I think it makes sense that the order is index, columns, value, especially if you are going to specify all of them. And that is exactly the time when you don't want to have to specify them as kwargs.

Swapping columns to be first just because it is required seems like it's missing the point of pivot. How often do people use pivot without specifying index? AFAIK, everywhere else in pandas index is specified before columns, or at least that's the most common pattern, so I don't see why their order should be swapped here (or that their order should be taken away).

Yes, it is annoying that when you only need to specify columns that isn't the first argument, but changing to kwarg-only doesn't help here, it just gives the user an error, which is effectively the same thing that happens right now if you tried to run pivot with only one argument right now: the user gets an error.

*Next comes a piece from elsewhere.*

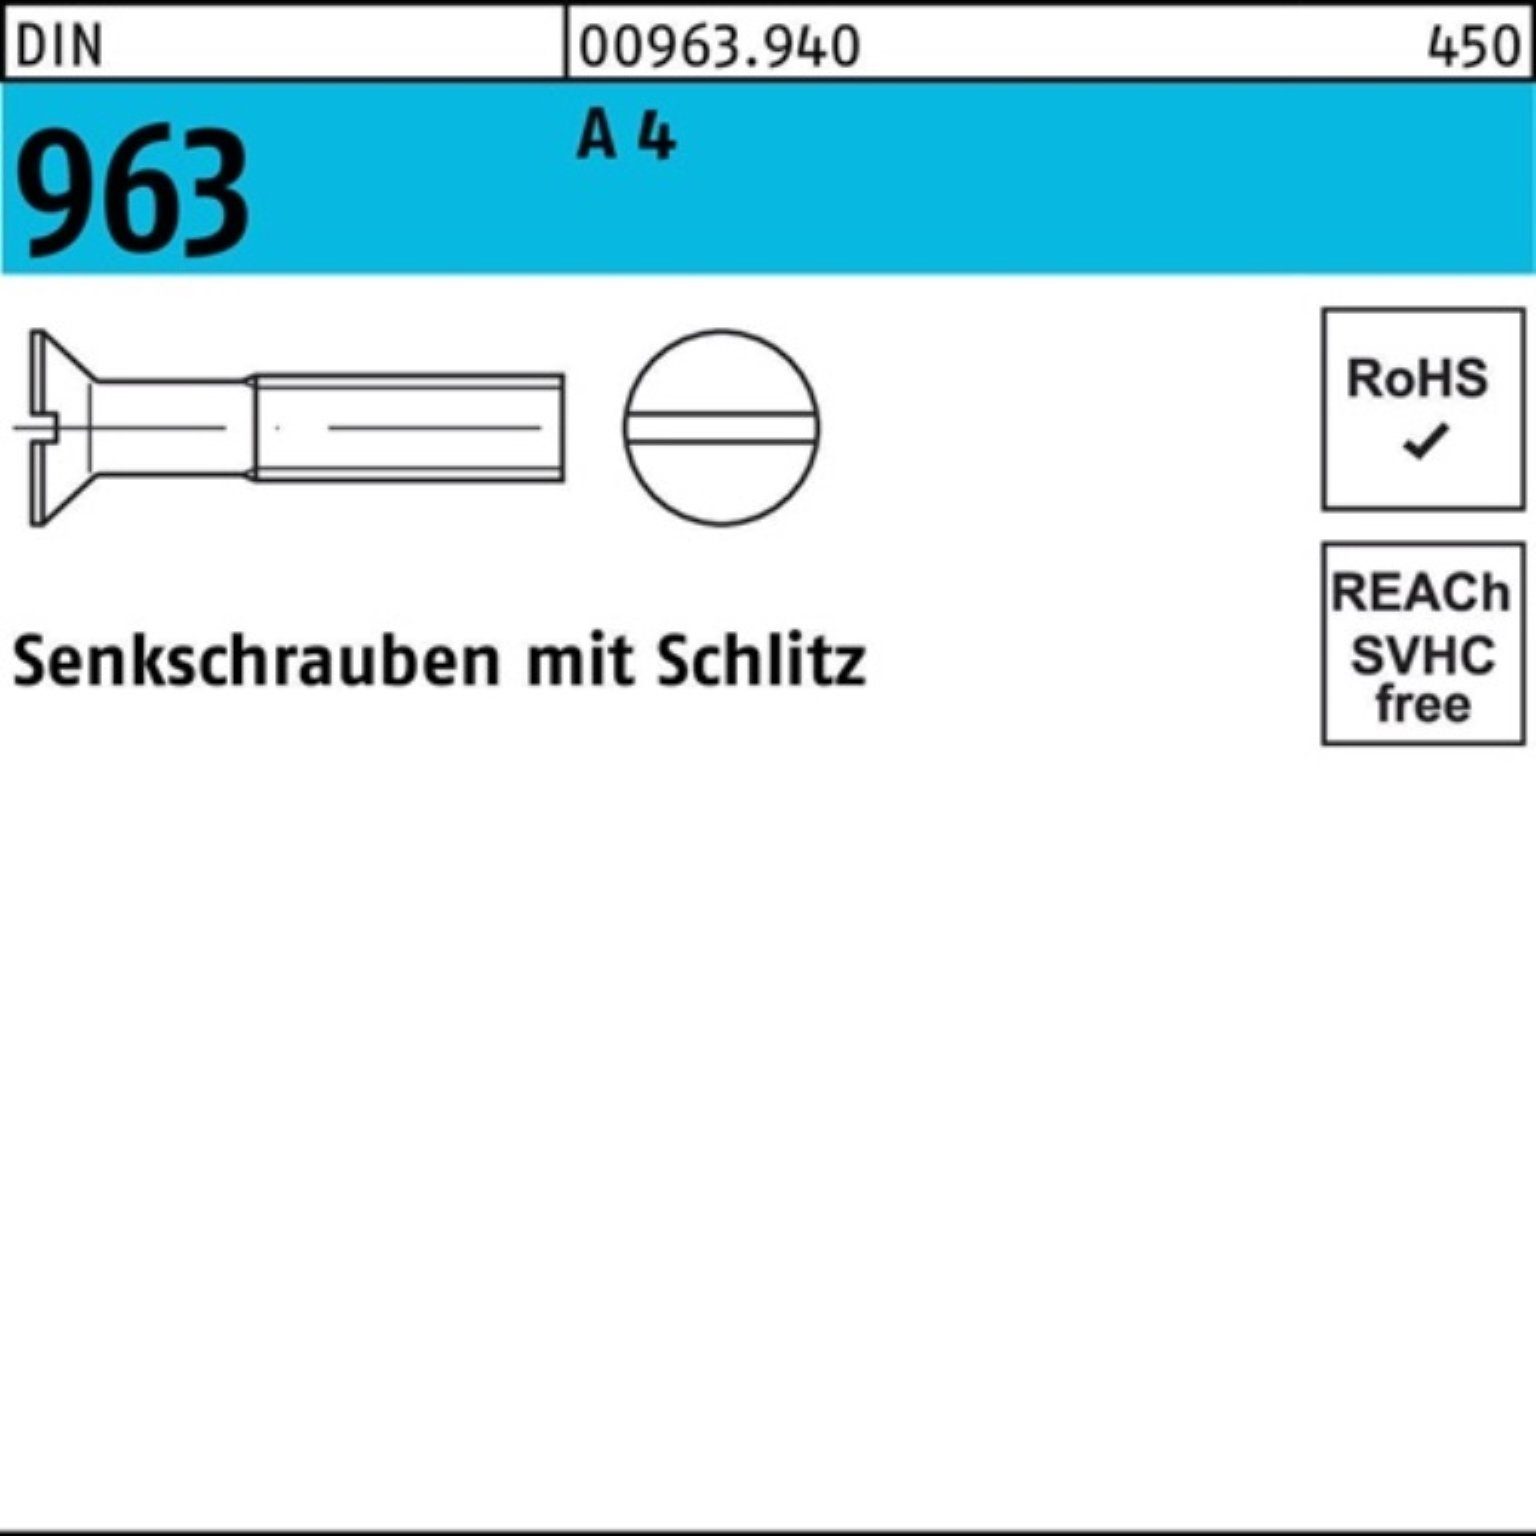 Reyher Senkschraube 1000er Pack Schlitz Stück A 1000 Senkschraube 4 M4x 963 DIN 96 DIN 20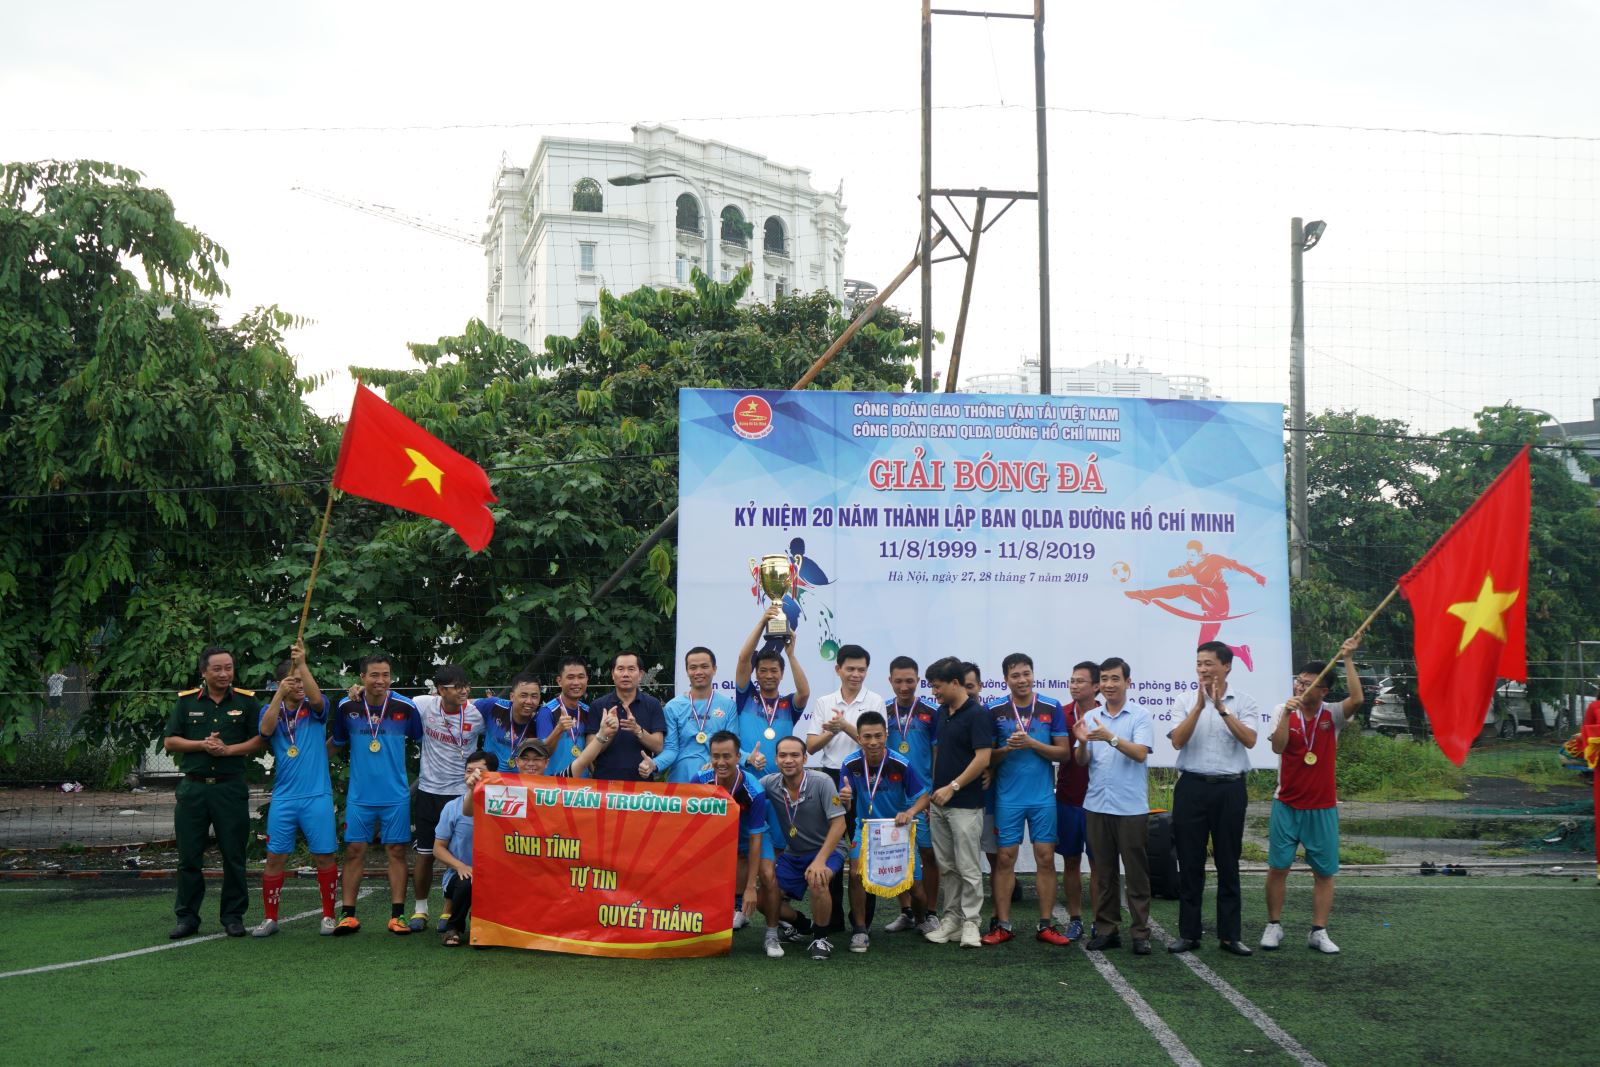 Vô địch giải bóng đá kỷ niệm 20 năm thành lập Ban QLDA đường Hồ Chí Minh 4

I do see how there is value in updating the signature such that it is clear what arguments are optional and which are not, but I don't think it more valuable than having a semantically clear order.

Truth be told, I didn't even know it was possible to specify columns without an index. Whenever I've needed to use the existing index in a pivot, I've always dropped the index and then pivoted on index/columns (I'm not actually sure if I've ever needed to do that, but that's how I would have done it). Really, in terms of pivot logic, using the existing index is just a convenience. You always need to specify what the new index/columns will be --- it just happens there is a natural default for index whereas there isn't for columns.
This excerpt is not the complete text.